[Data in this exercise]:
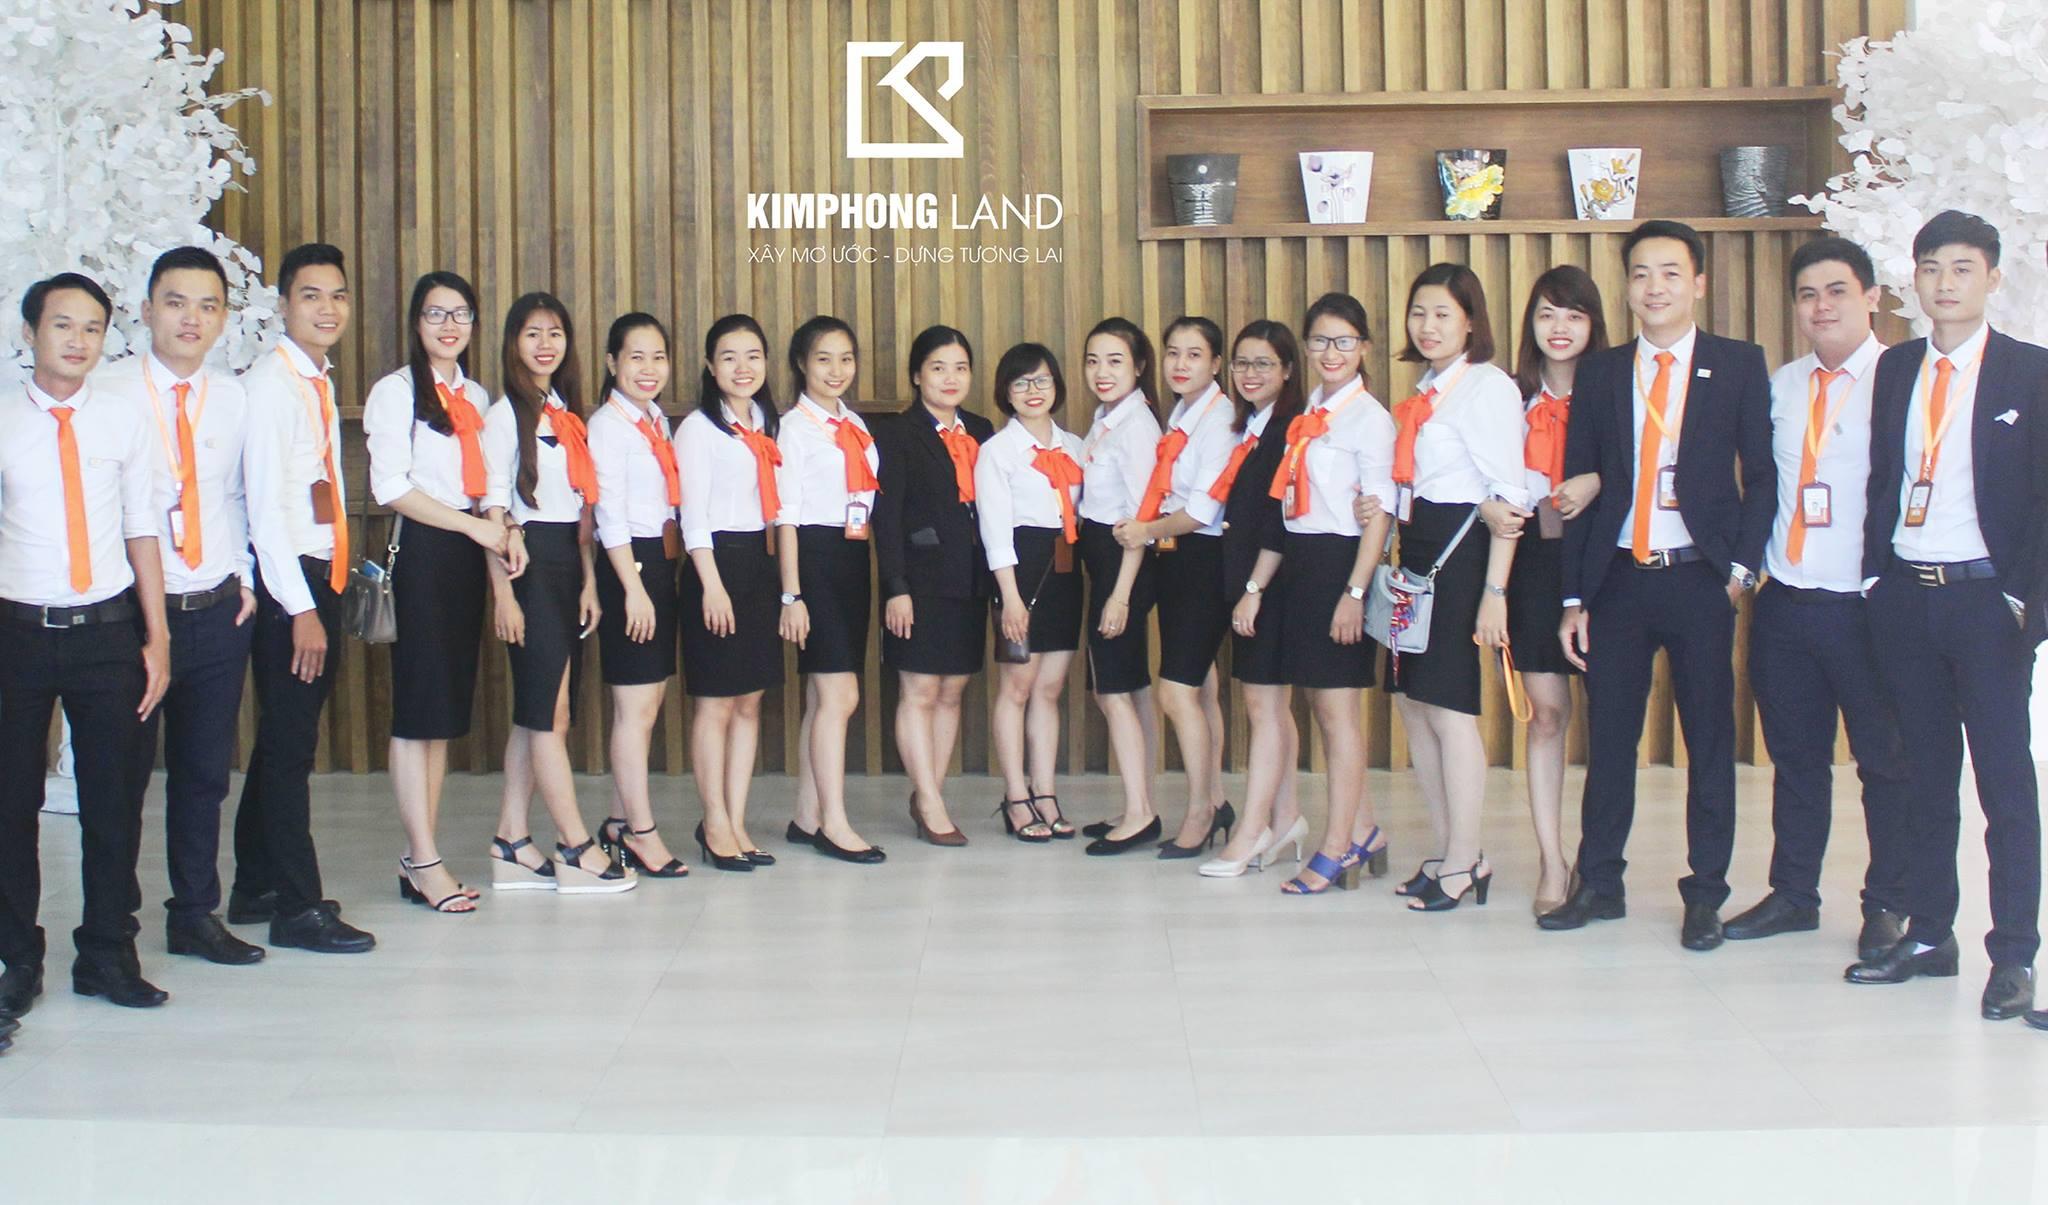 kimphongland
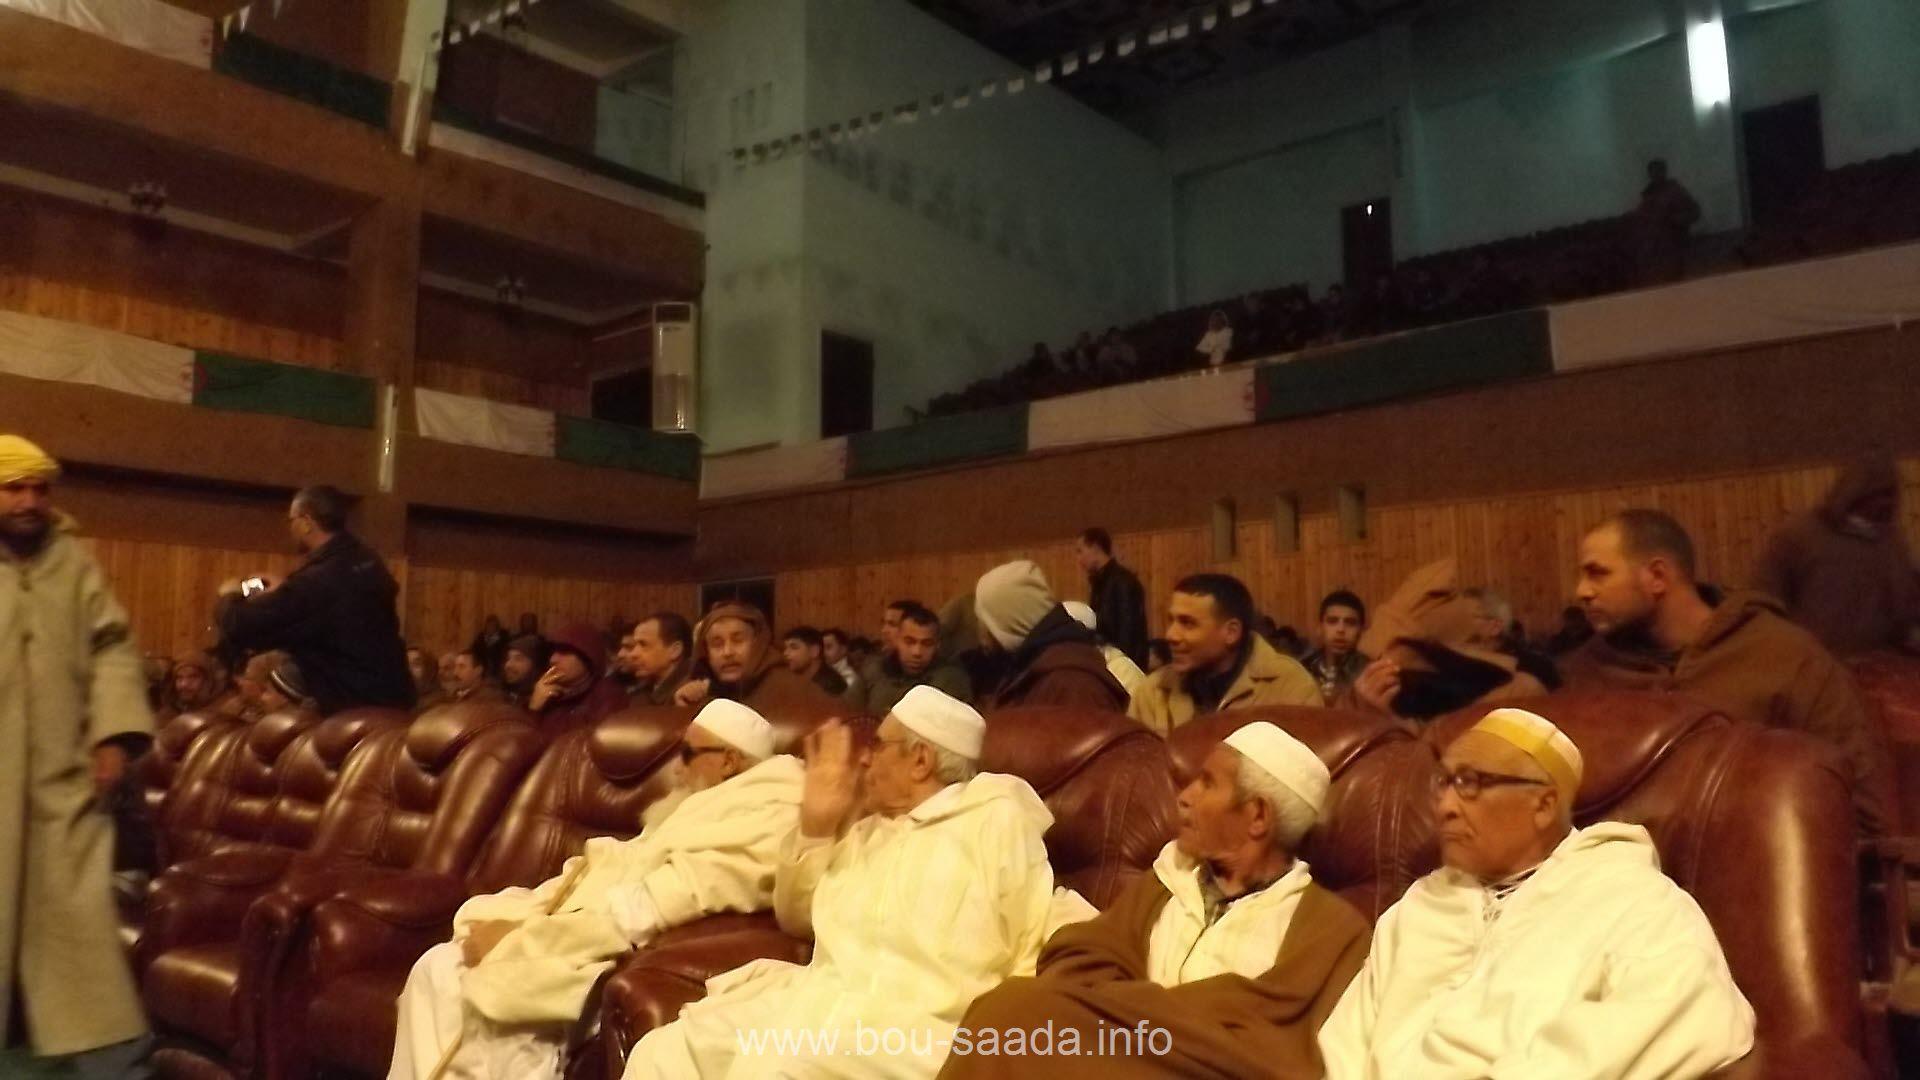 تجمع النواب والمجتمع المدني للمطالبة ببوسعادة ولاية
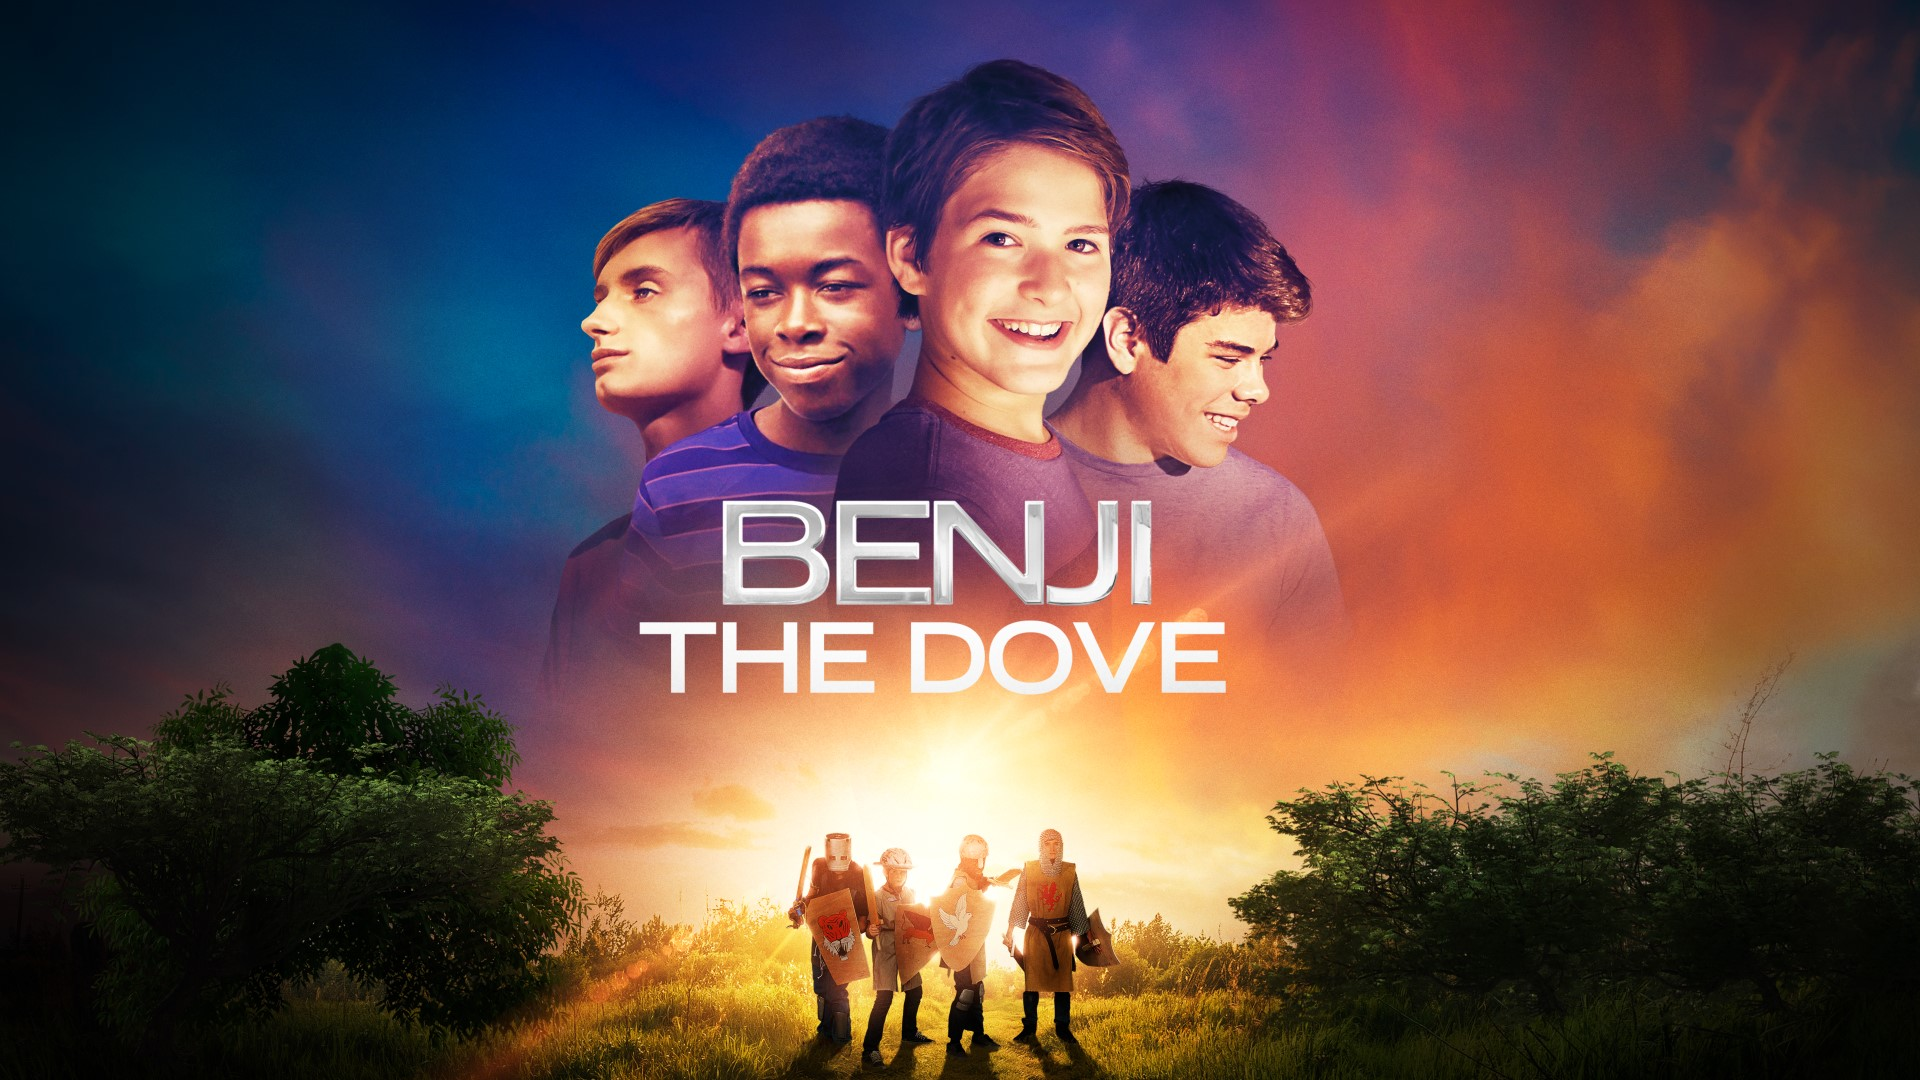 Benji the Dove
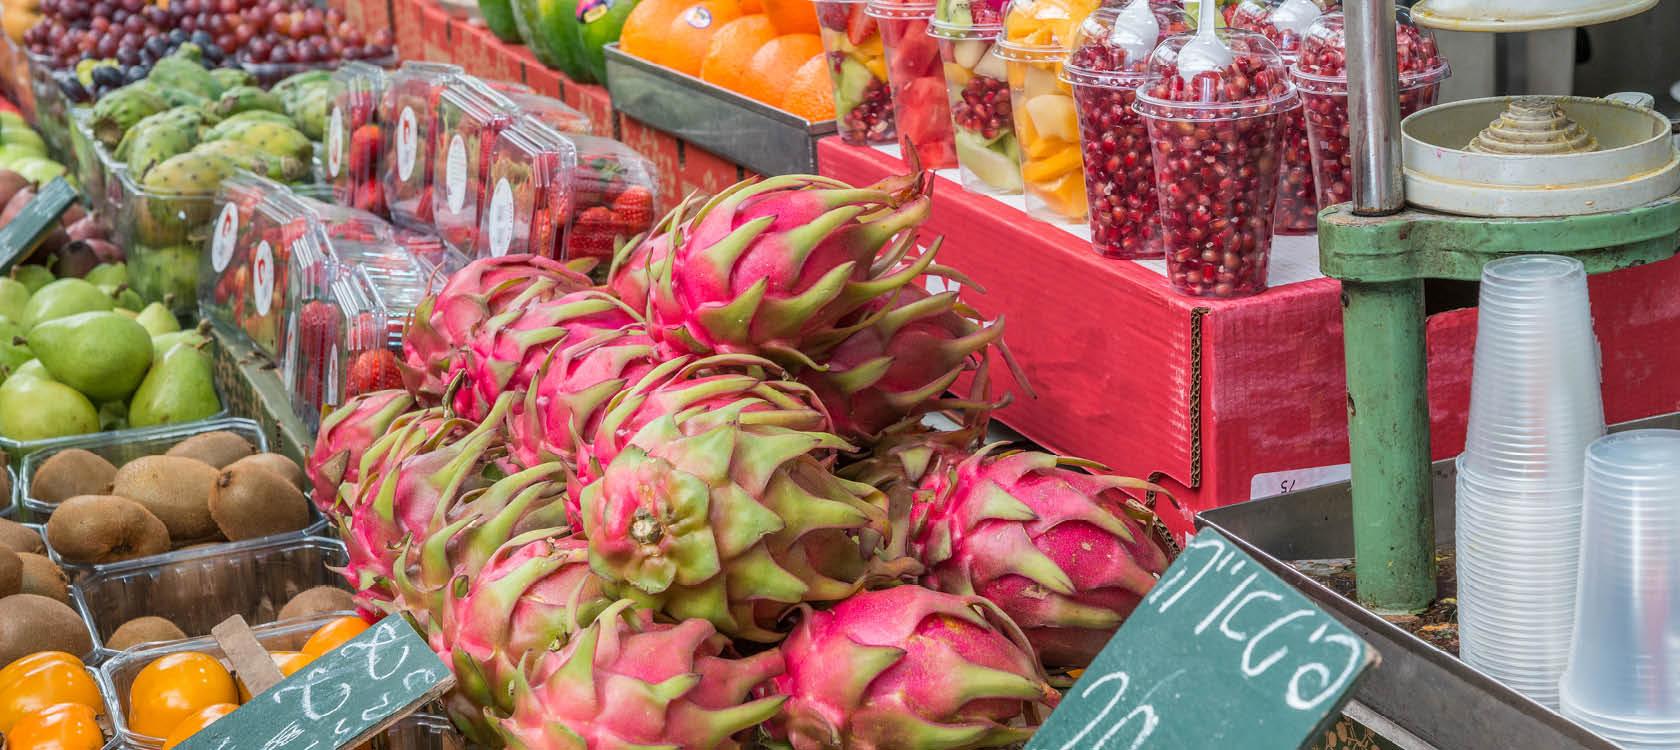 Israelisk fruktmarknad.
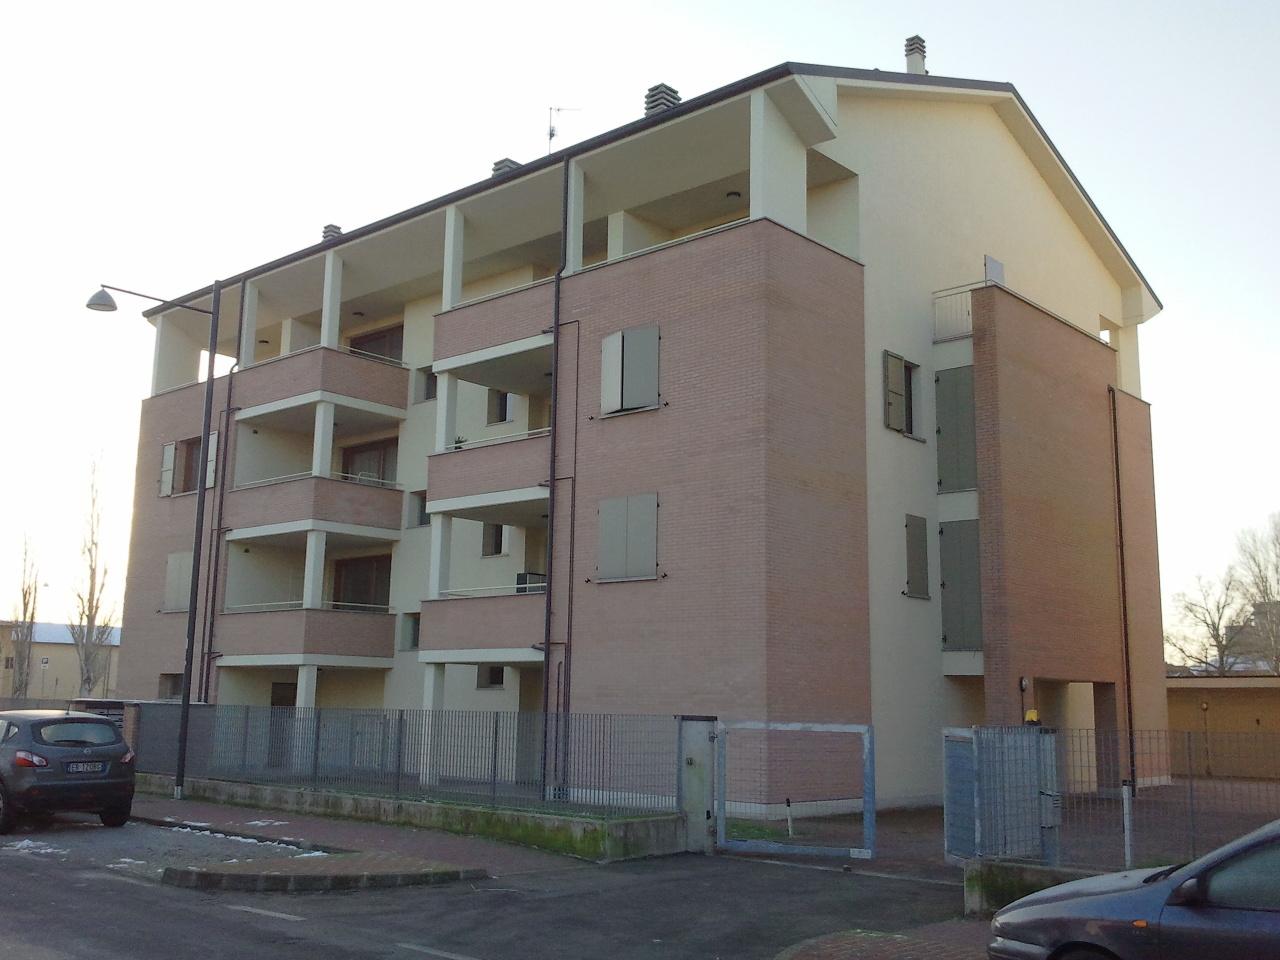 Appartamento in vendita a Sorbolo, 2 locali, prezzo € 117.000 | Cambio Casa.it

[Required work]: Once the images are dropped, set down the remaining material word for word.

[Response to the exercise]:
 kimphongland
 تجمع النواب والمجتمع المدني للمطالبة ببوسعادة ولاية
 Benji the Dove
 Israelisk fruktmarknad.
 Appartamento in vendita a Sorbolo, 2 locali, prezzo € 117.000 | Cambio Casa.it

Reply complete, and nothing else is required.